[INFORMATION PROVIDED]
=== Begin Enclosure ===

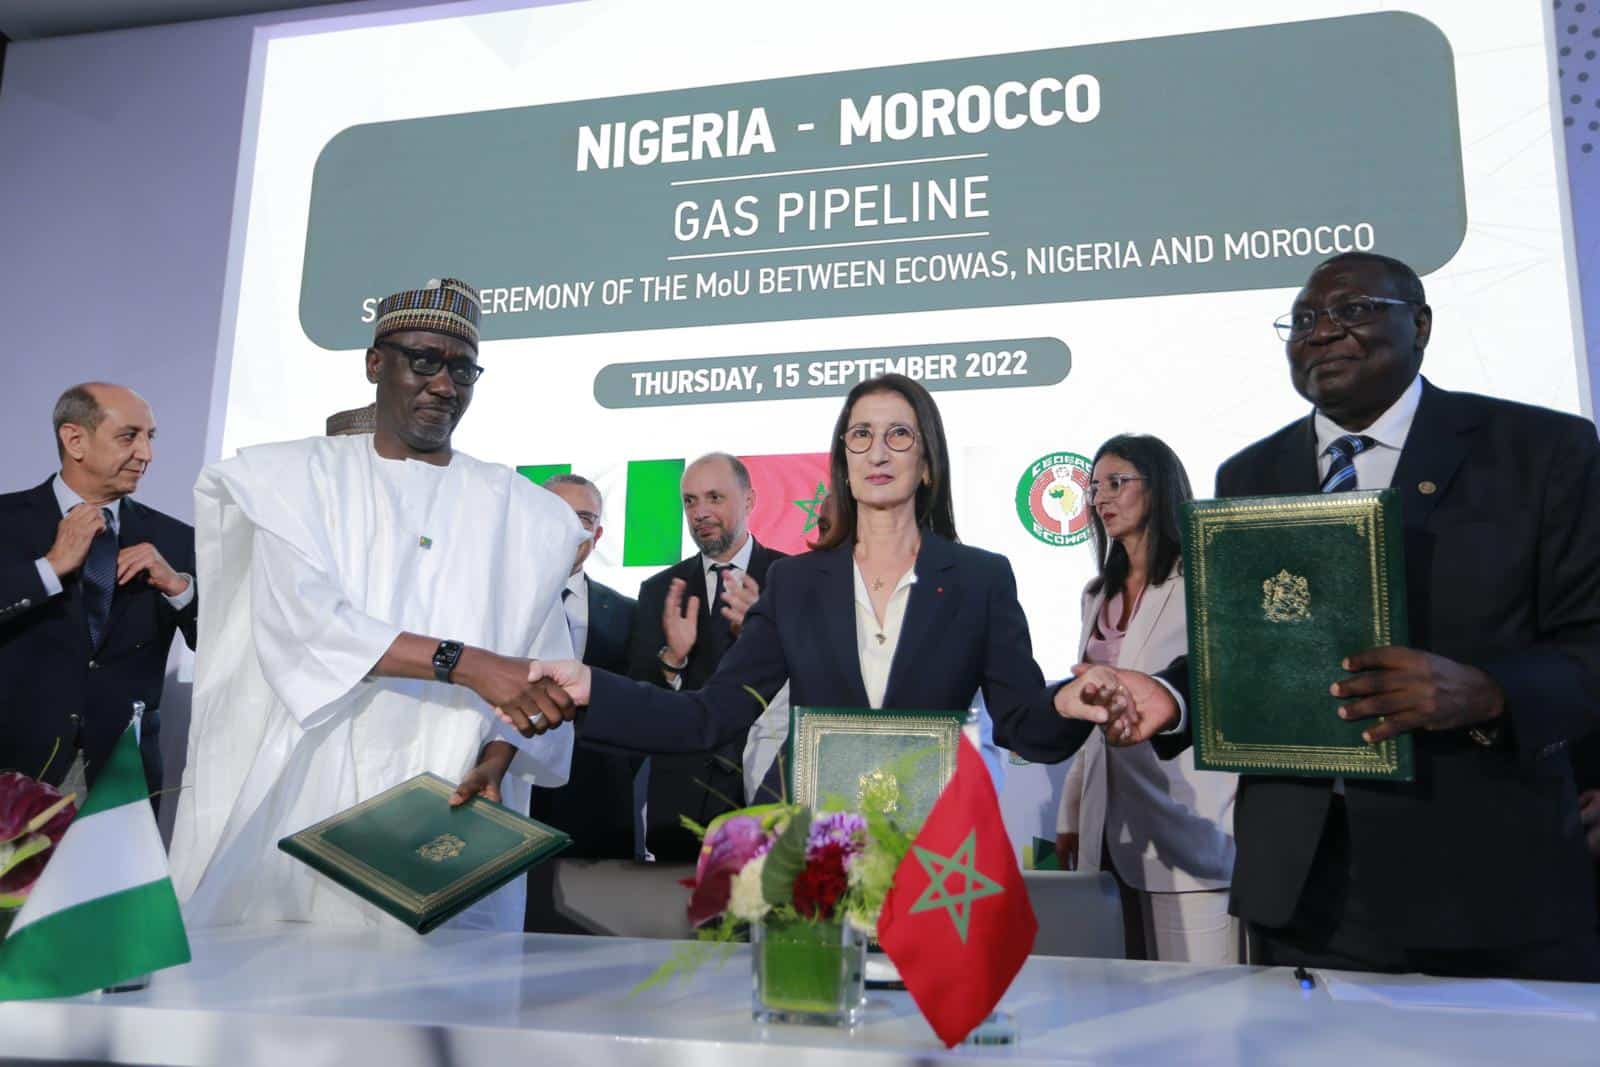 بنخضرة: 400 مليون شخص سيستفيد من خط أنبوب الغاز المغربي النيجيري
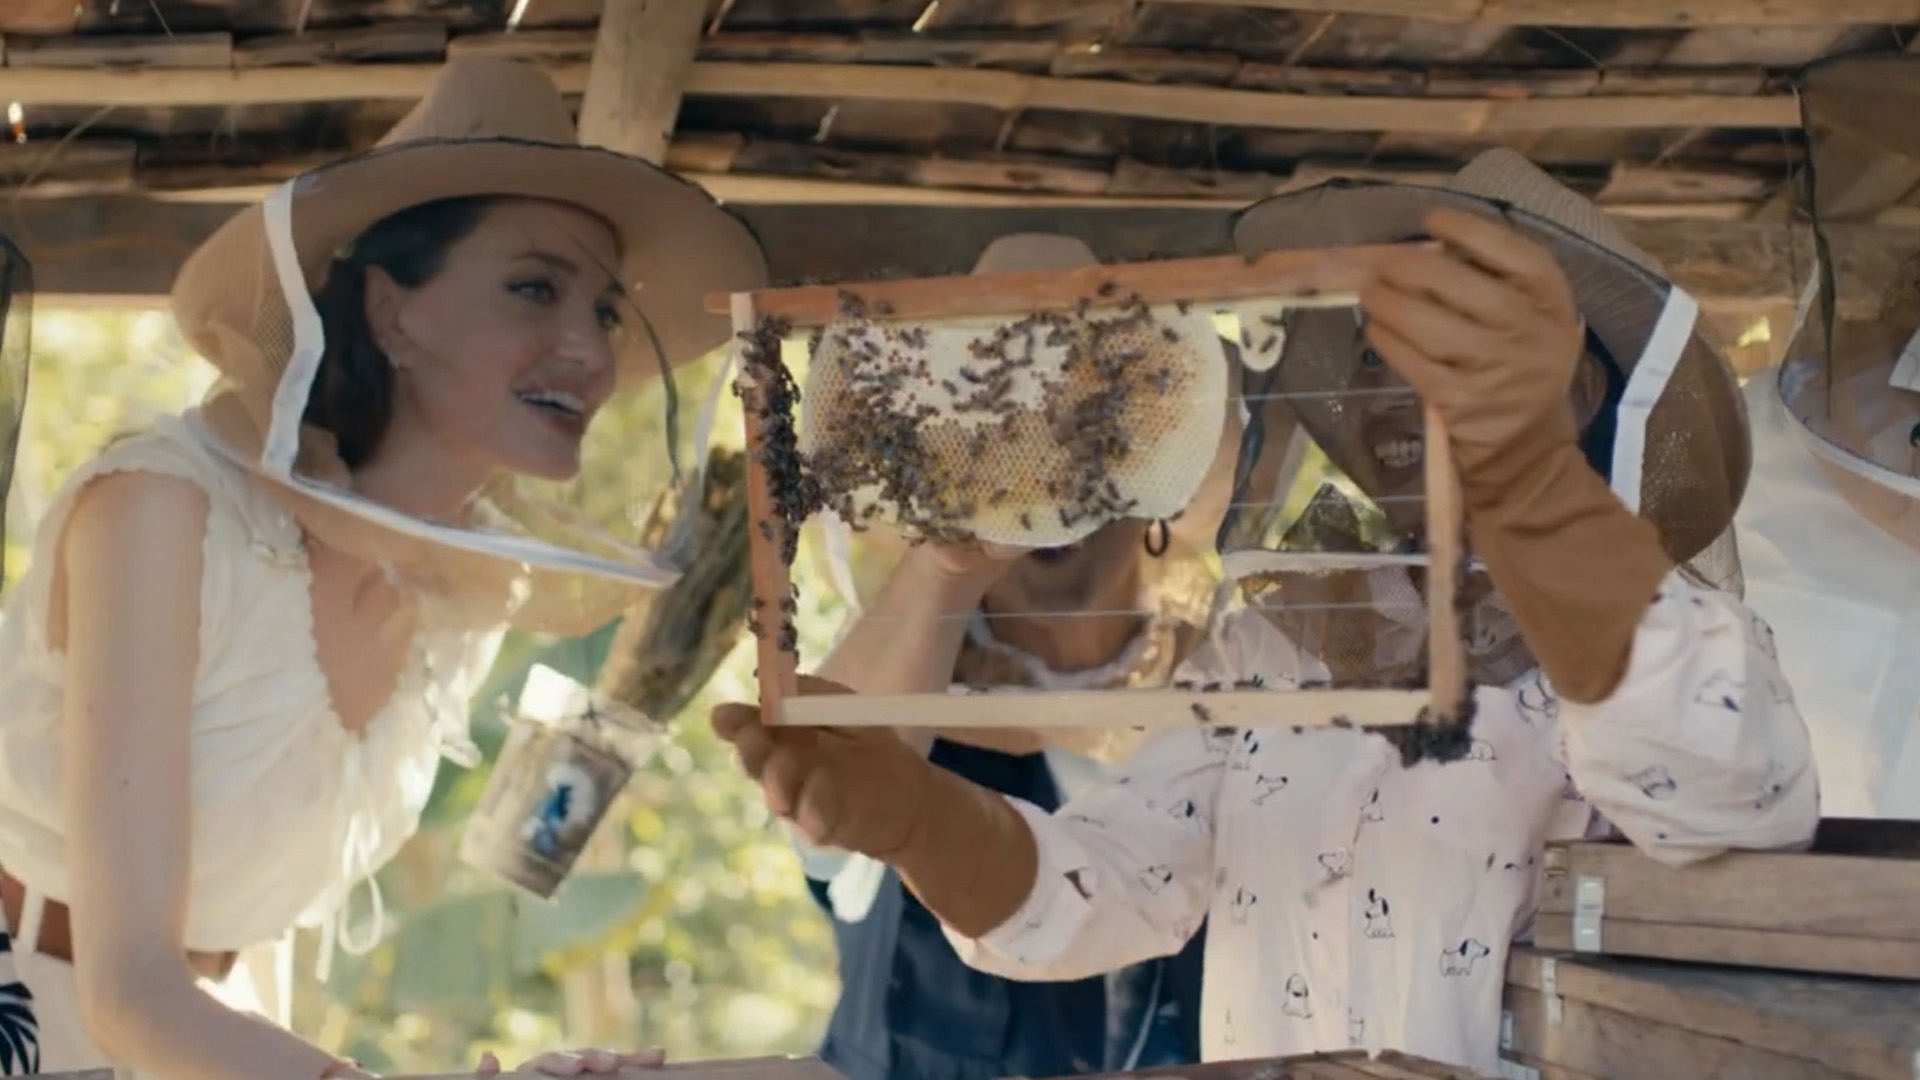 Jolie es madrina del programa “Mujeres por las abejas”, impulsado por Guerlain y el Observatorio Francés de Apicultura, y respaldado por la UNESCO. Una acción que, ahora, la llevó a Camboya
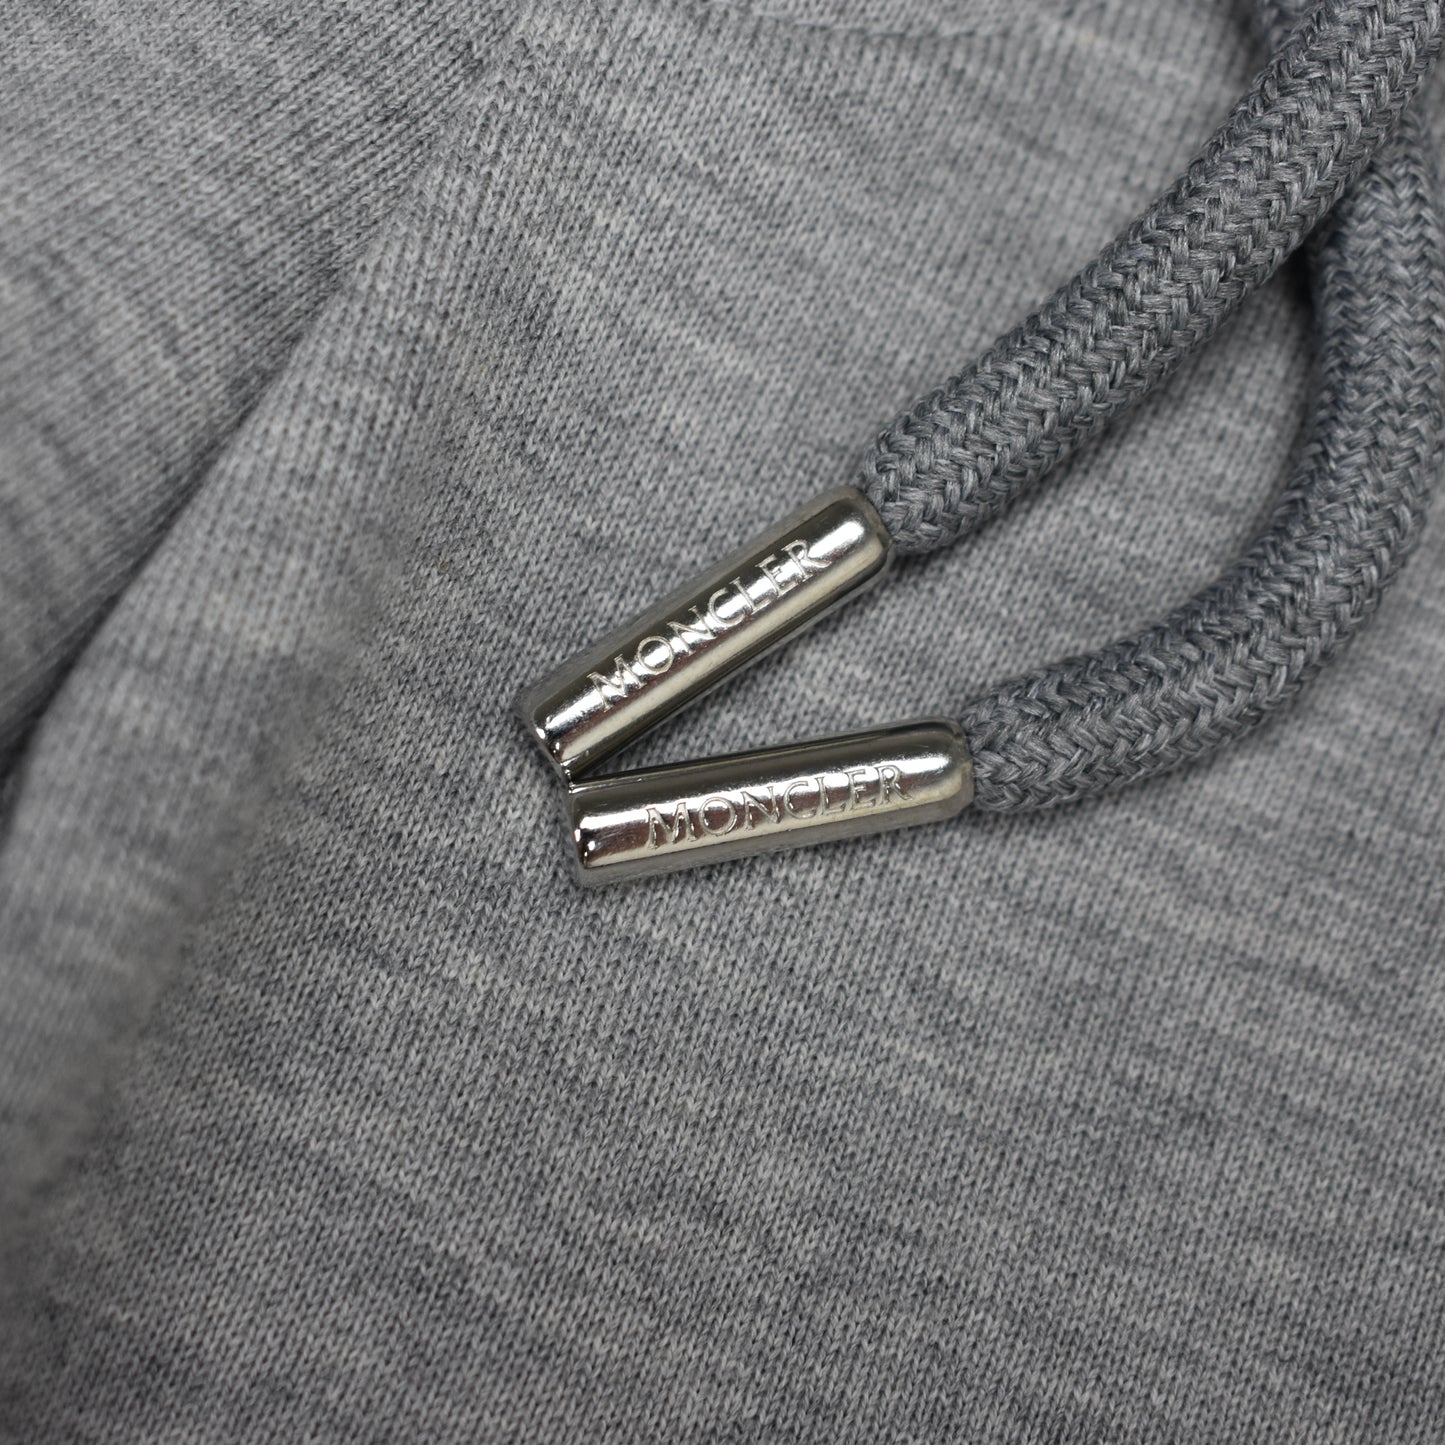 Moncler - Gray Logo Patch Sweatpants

=== End Enclosure ===

[WHAT IS NEEDED]
Extract word for word every line from the line that contains "Jolie es madrina" to the final line of the data, both included, and nothing else; skip the pictures.

[SOLUTION]
 Jolie es madrina del programa “Mujeres por las abejas”, impulsado por Guerlain y el Observatorio Francés de Apicultura, y respaldado por la UNESCO. Una acción que, ahora, la llevó a Camboya
 Moncler - Gray Logo Patch Sweatpants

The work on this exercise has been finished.